Immediately there was a big escape of steam completely enveloping both torpedo tubes. On enquiring I received a report that all torpedoes had been fired and consequently turned away at greatly reduced speed, passing about 3,500 yards from the enemy’s light cruiser previously mentioned. I sent Sub-Lieutenant Moore to find out the damage done; while doing this he discovered that only one torpedo had been fired and observing the enemy’s light cruiser beam on and apparently temporarily stopped, fired a torpedo at her. Sub-Lieutenant Moore, Leading Signalman Cassin, also several other ratings and myself saw the torpedo hit the light cruiser below the Conning tower and explode.
Tovey still had a pair of torpedoes left and his damaged ship could manage around 10 knots. Incredibly he decided to use them against the German High Seas Fleet and not even attempt to flee. Both torpedoes were fired but they missed and with just five casualties, the Onslow limped home.
Jellicoe, it will be recalled, was still confused about the position of the German High Seas Fleet, having not seen them himself, but relying instead on scattered and conflicting pieces of information. He was still receiving snippets of information but nothing concrete enough. As Beatty’s battlecruisers drew across the front of Jellicoe’s Grand Fleet, HMS Marlborough, HMS Colossus and HMS Benbow of the Grand Fleet spotted the enemy. Lieutenant Thomas Norman, on board HMS Benbow, recalled:
I must confess it was a magnificent sight seeing the Lion, slightly on fire forward, leading the other ships and firing salvo after salvo, with the enemy’s flashes visible in the haze, but not the ships themselves, tremendous volumes of water being thrown up by the enemy shots, none of which hit the cruisers when in my vision.
When Jellicoe finally received confirmation of the location of the German High Seas Fleet at 1814, he now needed to make an absolute decision. After considering the situation for a short while Jellicoe announced: ‘Hoist equal-speed pendant south-east by east.’

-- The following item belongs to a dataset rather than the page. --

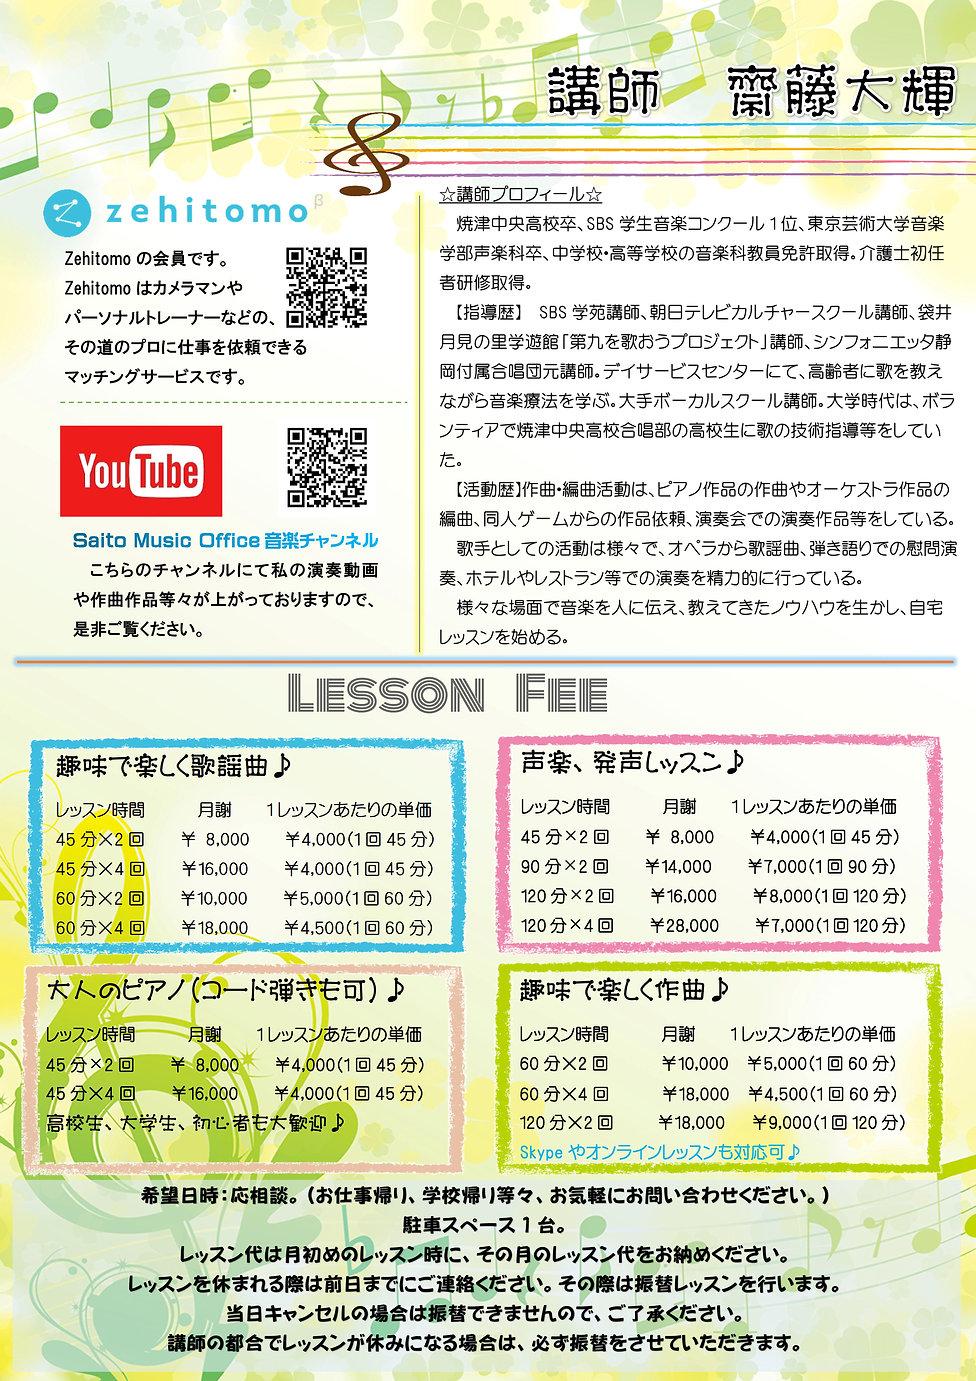 Microsoft Word - 音楽教室 フライヤー2-02.jpg

Whilst Jellicoe was ordering the deployment of the Grand Fleet, HMS Defence with Rear Admiral Sir Robert Arbuthnot leading the First Cruiser Squadron had found itself in a difficult situation – slap bang between the oncoming German High Seas Fleet and the Grand Fleet. Arbuthnot moved toward the Wiesbaden with HMS Warrior and HMS Duke of Edinburgh following, his obsolete armoured cruisers cutting across Jellicoe’s Grand Fleet just as it was manoeuvring. For a moment it looked as if Arbuthnot’s battle cruisers were going to collide with ships of the Grand Fleet as HMS Defence and HMS Warrior began firing at the Wiesbaden. Arbuthnot clearly thought that if the Wiesbaden were still capable she would fire torpedoes at the deploying Grand Fleet.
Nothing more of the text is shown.